Facebook IPO a ho-hummer despite great expectations
Local financial advisers were anything but bullish on Facebook stock Friday, the first day the social networking website traded publicly.
If the stock's debut was any indication, it was just as well.
Facebook's share price, set Thursday at $38, opened at $42.05 on the NASDAQ exchange, climbed to $45 in early trading and closed at $38.23.
"I had one client that expressed interest," Bill Middleton, president of Sound Portfolio Advisors in Mystic, said early in the day. "I said I thought it wasn't a great idea. … Buying an asset at a time and price of the seller's choosing does not seem to be a great idea for a buyer.
"Most IPOs, frankly, are losers."
More than 566 million Facebook shares traded Friday, the largest volume of any IPO in history.
"We're not recommending it," Robert Henderson, president of Lansdowne Wealth Management in Mystic, said Friday afternoon.
Henderson said people might have been interested in buying Facebook shares because of the buzz surrounding the IPO, which generated more than $16 billion, one of the biggest market capitalizations in history.
"There's no harm in that, but in terms of it being a real solid investment, I wouldn't look to allocate too much to it," Henderson said.
Facebook, founded only eight years ago by Mark Zuckerberg, then a student at Harvard, "is still an unproven company," he said.
For most individual investors, the company's shares were out of reach before Friday.
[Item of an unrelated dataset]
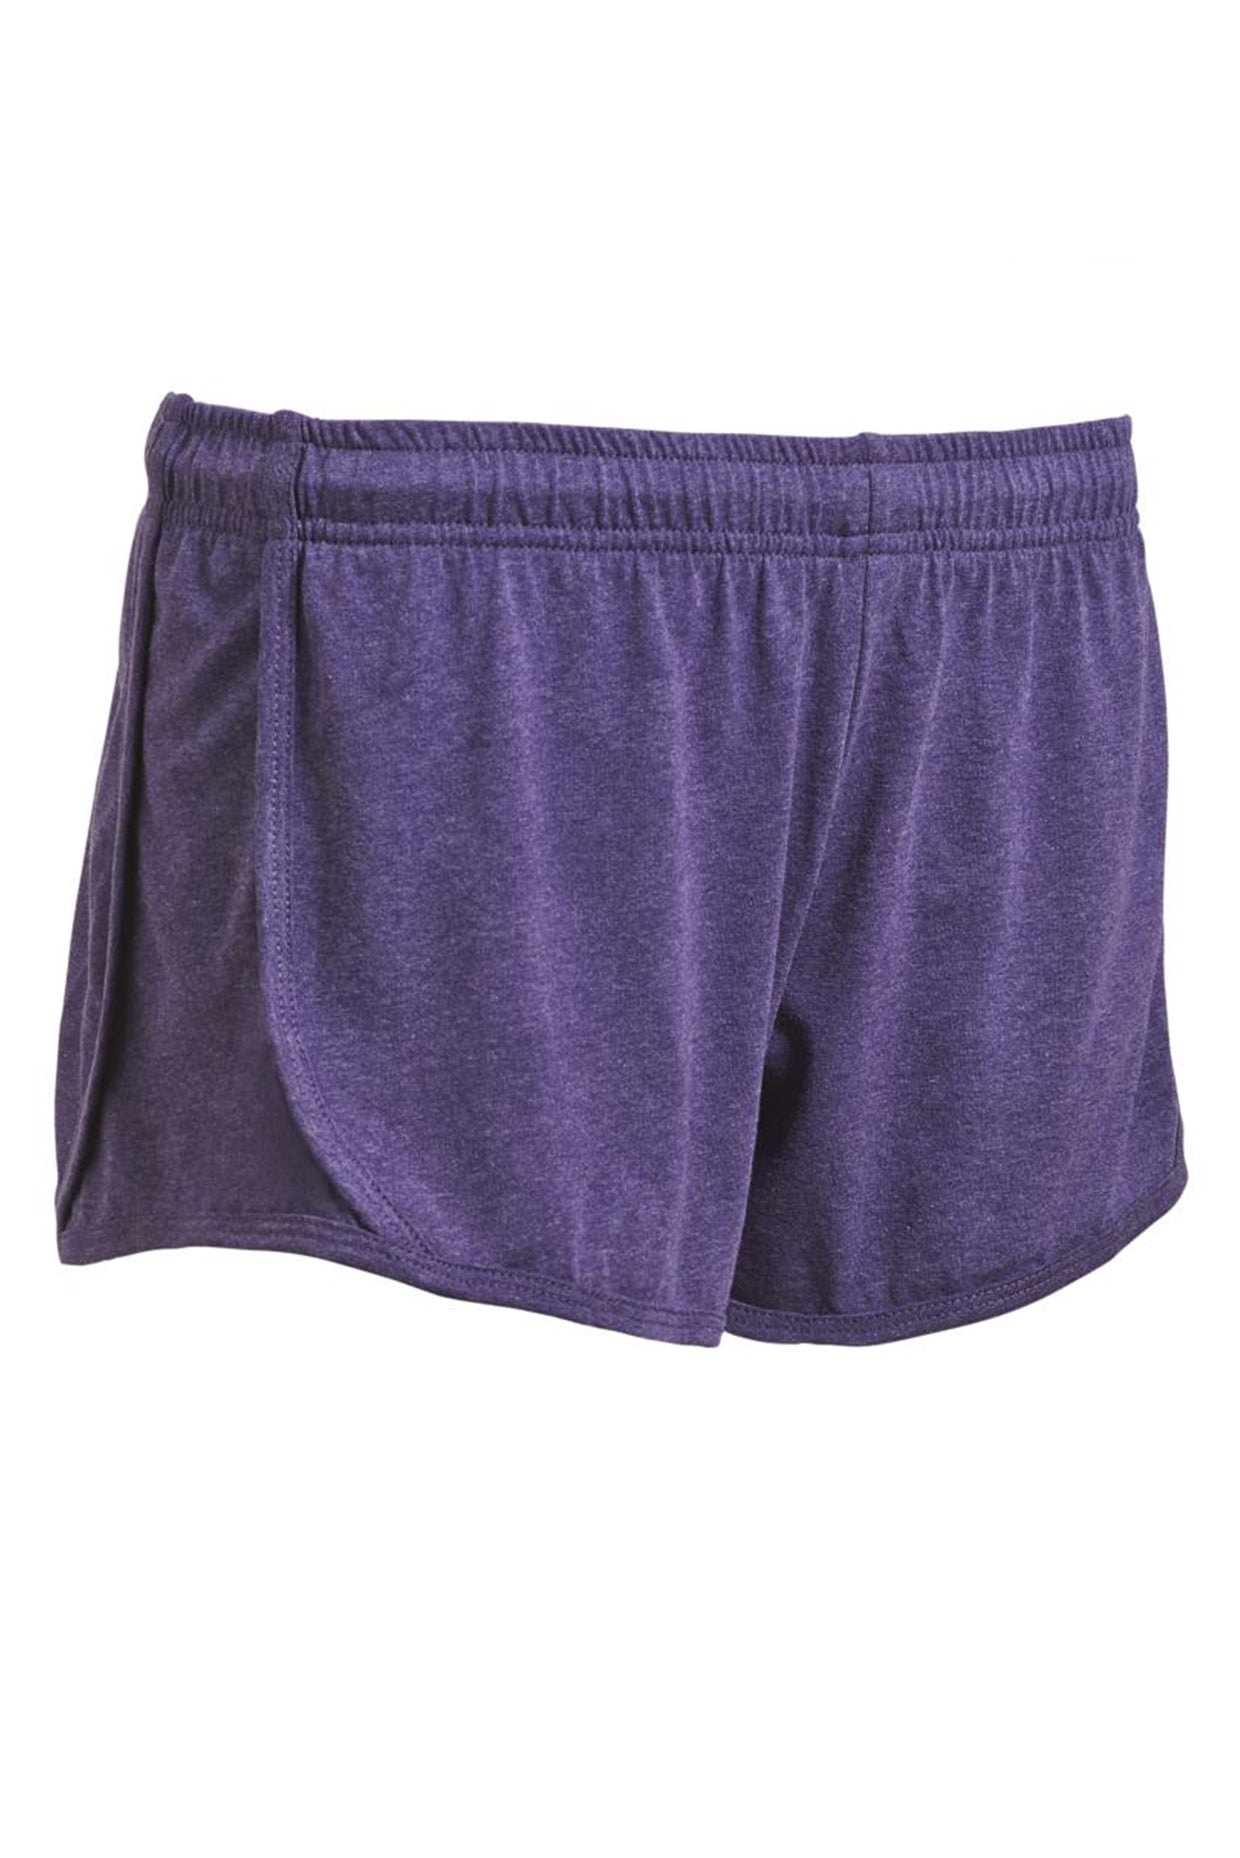 Performance Heather Epic Shorts 🇺🇸 - Expert Brand Apparel#color_dark-heather-purple

Only the investment banks involved in organizing the IPO had access to them.
A lot of people asked about the IPO when it was announced a couple of months ago, Jim Bates, a financial adviser with Edward Jones in Mystic, said.
"We've had a little interest (since then), but it hasn't been as overwhelming as you might think (given all the publicity)," he said. "Our clients tend to be long-term investors. They don't chase something new."
Bates said Edwards Jones put in some orders for Facebook shares late Thursday and Friday morning, before the stock started trading.
"Some people inquired, then decided not to," he said. "I think a lot of investors were torn. If the share price takes off, they'll say 'I wish I had some.' But it might not."
He said his firm typically recommends that clients put a limit on the price they'll pay for a stock, particularly during the first few days of public trading. Otherwise, if the stock price soars, they could find themselves in a bind.
"At the end of the day, you still want to buy low and sell high," Bates said.
The Facebook stock's lackluster showing Friday reinforced Bates' view.
"It just goes to show, the market will do what it does, regardless of the hype," he said after the markets closed. "We know from history that these things are very hard to predict. Making sure a stock is the right fit for your portfolio is the biggest consideration."
Earlier in the day, Middleton, of Sound Portfolio Advisors, was emphatic.
"What's going on now has nothing to do with rationality or business sense," he said of the Facebook buzz. "It's absolutely emotional."
A company's social impact is not necessarily an indication of whether it might be a good investment, Middleton said.
"Think about the airline industry. If you were at Kitty Hawk and someone said we can build this bigger and move hundreds of people at great speeds - that would have sounded like a great investment. But the airline industry, from its inception to now, is a net loser."
He also noted that Facebook's motivation in going public had little to do with raising capital to fund growth, as companies often do. Instead, he said, the IPO was all about generating liquidity for the early investors in the company, many of whom were compensated with Facebook shares.
What kind of investor would be wise to take a big stake in the Facebook IPO?
"A dumb one?" Middleton wondered aloud. "People who are in this are speculators, not investors."